My son was lifted into the world through a tear in his mother’s womb early one Friday morning, April 2013. It was not what we had planned, it was not what we had been expecting. to be honest, little about the pregnancy had been what I had been expecting, and not much that has followed either. And that pretty much sums up what learning to be a parent is all about.
It takes a great deal longer to stitch a mother up after a c-section than it does to rip her open and pull the baby out; half an hour or so to a few minutes. After the baby had been weighed, cleaned and his mother was given a few moments to peer through the epidural haze at her son, he and I were ushered into the hall, me to stare disbelievingly at this tiny thing and somehow let the last three days of fear and panic come crashing down upon me.

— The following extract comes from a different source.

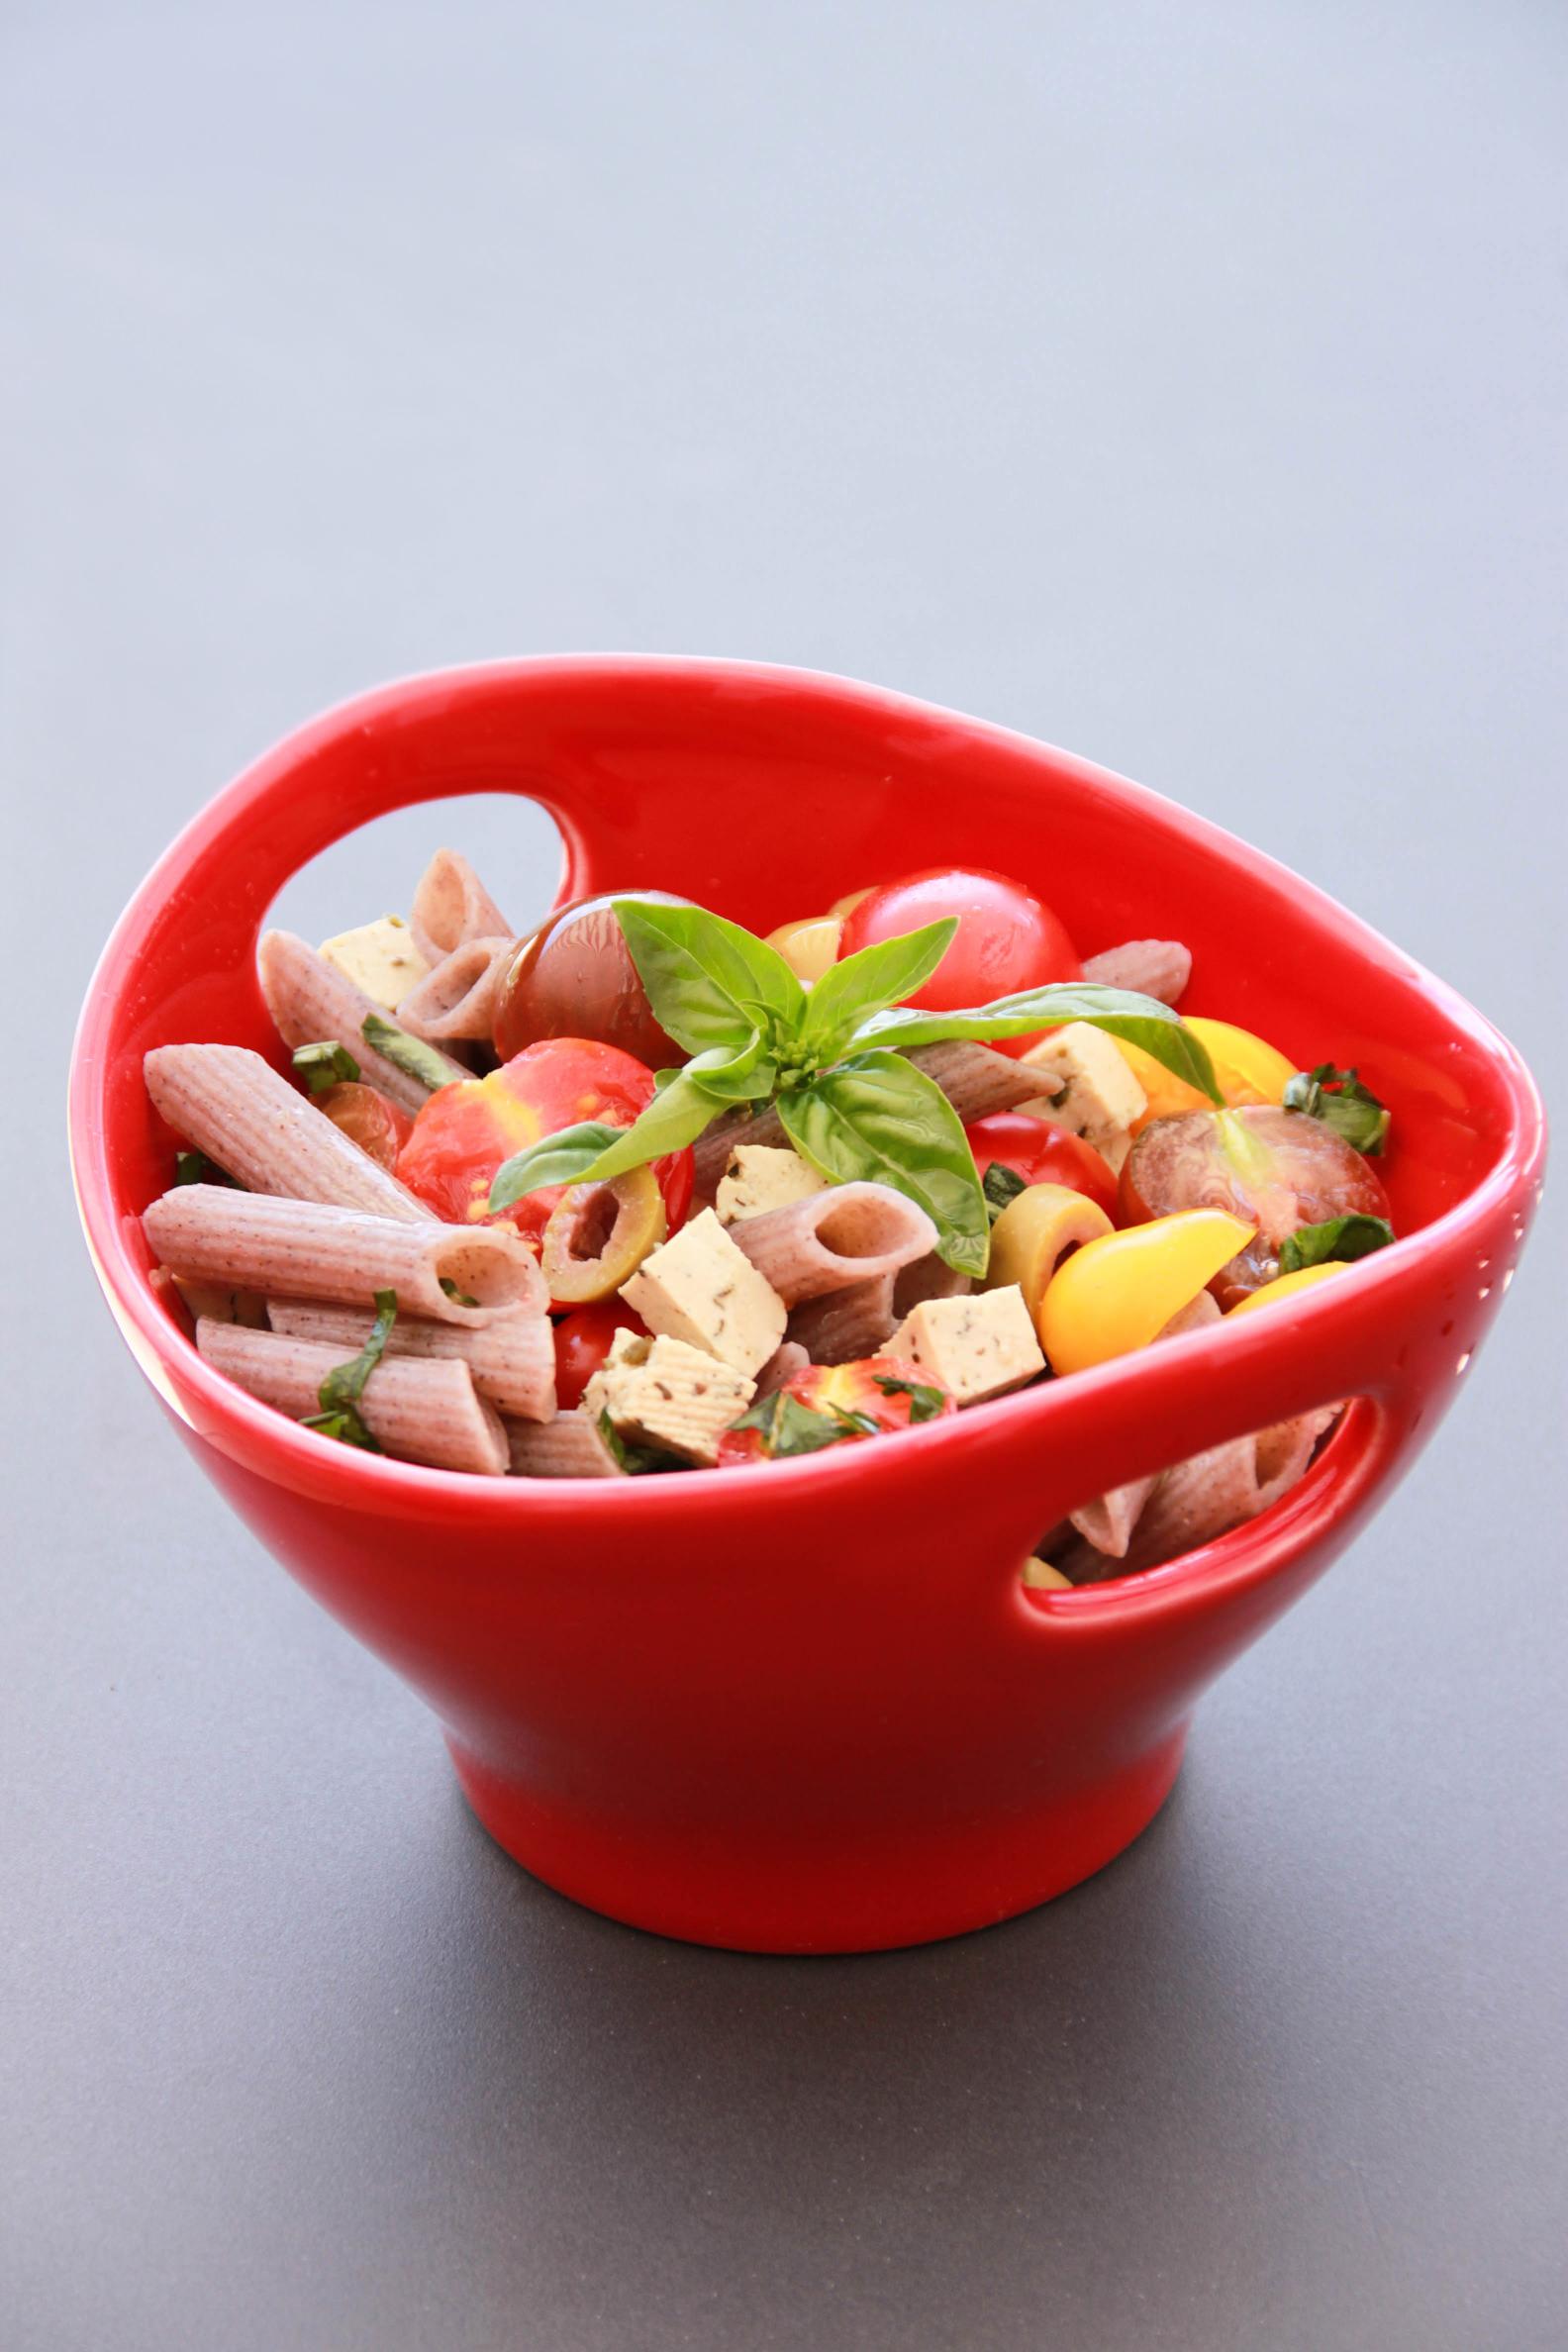 Salade de pâtes au sarrasin, basilic, tomates cerise, tomates poires et tofu aux herbes

Somewhere in that sleep deprived disbelief and delirium, in which to be honest I was mostly just staring at my son hoping that what I was meant to feeling was going to realise itself, I had this moment of realisation.
I was a dad. And I suddenly knew more about being a dad than anyone who wasn’t a dad. I had something to say. I had valuable experience.
I could write a blog.
Having blogged before for work and play I thought it would be fun to write about my experiences as a dad as they happened. I thought I might have a voice, an honesty, and perhaps a giggle or two along the way; something to share with other new dads or dads to be.
What the fuck did I know.
Being a dad, being an equal share in the raising of our little boy, is fucking hard work. The hardest thing I’ve ever done. And time consuming. I had no idea. It’s taken me a while to get my shit together.
Still, I shall endeavour to write more, be truthful and, I hope too, entertaining for those of you who have stopped by for which I also thank you.